価格破壊が起こっている背景には主に3種類あると言えそうだ。一つは建設のシステムが大きく変わりつつあること。二つ目は規格化による大量生産でスケールメリットを追求したこと。三つ目は工法の合理化を行った事。そして、これらの組み合わせである。一つ目は一種のコンストラクションマネジメントであり,施主が各工種の専門職に直接発注するもので、大きなプロジェクトでは徐々に普及している事の住宅版である。ここでの問題はコンストラクションマネジャ−を誰がやるかである。発注者は全くの素人と考えねばならないからマネージメントに要する能力は大規模プロジェクトと何ら変わることがない。今は設計事務所がやっているケースが多いが設計者が施行の能力を持つのはなかなか大変である。経費的にも設計料と別に貰わなくてはならないが,その辺の理解が得られるかどうか。もう一つの問題は工種ごとの分離発注で落ちが発生しないかという事である。分離発注をすると言っても発注者自身は素人なのであるからその責任はコンストラクションマネージャーにある。

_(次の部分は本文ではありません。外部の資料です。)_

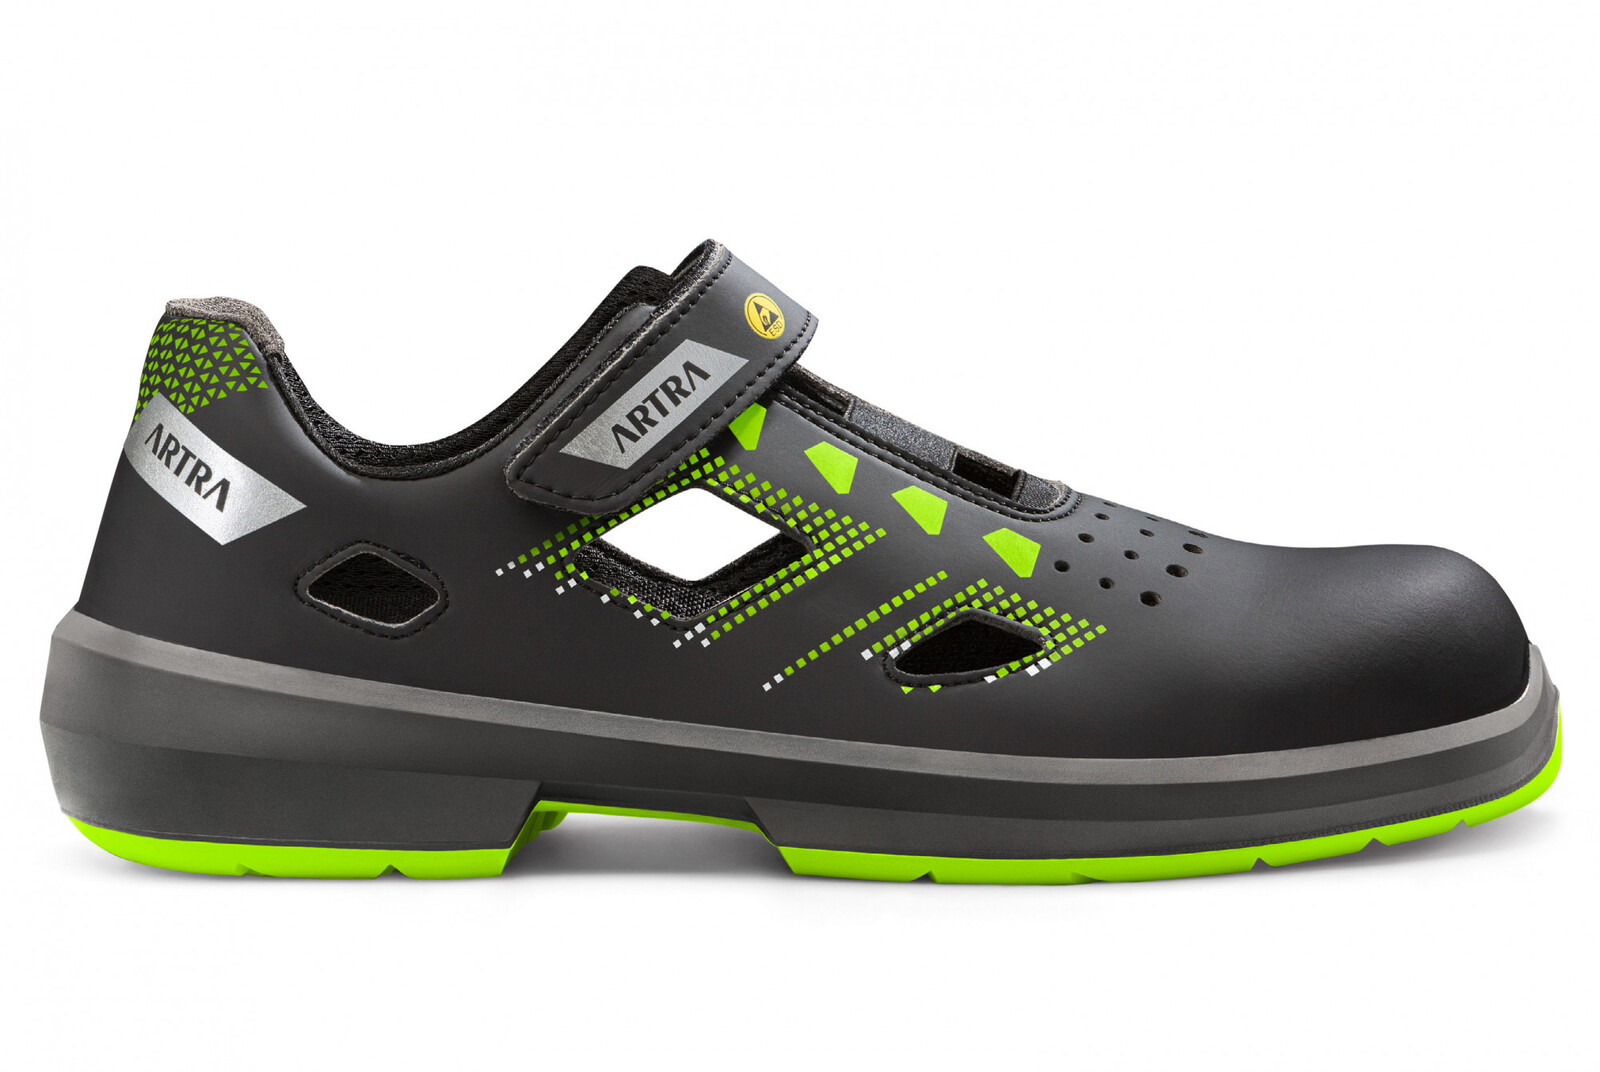 Bezpečnostné sandále Artra Arzo 805 678080 S1P SRC ESD MF - veľkosť: 48, farba: čierna/zelená

そのリスクを設計事務所が取れるかどうか。欠陥が出たときや専門業者が倒産した時のリスクは。消費者保護のシステムを考えておく必要がありそうである。これらは技術的なことであるから解決はできるであろう。しかしこの辺の問題を本当に解決するとなると従来の工務店への発注とどのように違うのか。これまでの工務店の存在価値は何だったのか。一見、発注者にとって分離発注によって透明性が上がったように見えるが素人の発注者にとってはコンストラクションマネージャー任せの相も変わらずのブラックボックスでしかない。それでも消費者が選択すればよい事かもしれないが、問題は二つ目である。住宅は個人の私有財産であるから所詮は個人の選択の自由なのであるが、マスコミの報道の中で住宅業者がインタビューに答えている言葉が気に掛かった。大量生産の規格品で安くなっているのであるから当然の事なのであるが、この企画住宅で新規着工の1割を受注する事ができればというのである。実現は難しいとは思うが,現実になったら日本全国つつ浦々,同じような建物が建ち並ぶ光景が出現しあまりいただけない。同じ地域に同じような建物ならまだしも、ローカル性も何もない建物はどうかと思う。それと三つ目の工法の改良であるが詳しい事はわからないが色々な改良で現場施行の部分は20%以下で従来の現場での必要な人工は半分以下であるという。これによって工期も半分以下になり僅か一ヵ月半で完成するという。同じ物を作るなら工期は短いほうが良いには違いないが、これでは家を作るという感覚からは益々遠ざかり,自動車と同じで家は買うものになり,飽きたら買い換えるものになりかねない。この地球環境時代に大量消費の大量廃棄は止めなくてはならないのに。この事は永く愛される建物作りには大きな壁のような気がする。力はなくとも何かが違うという事を消費者に言い続けるしかないのであろうか。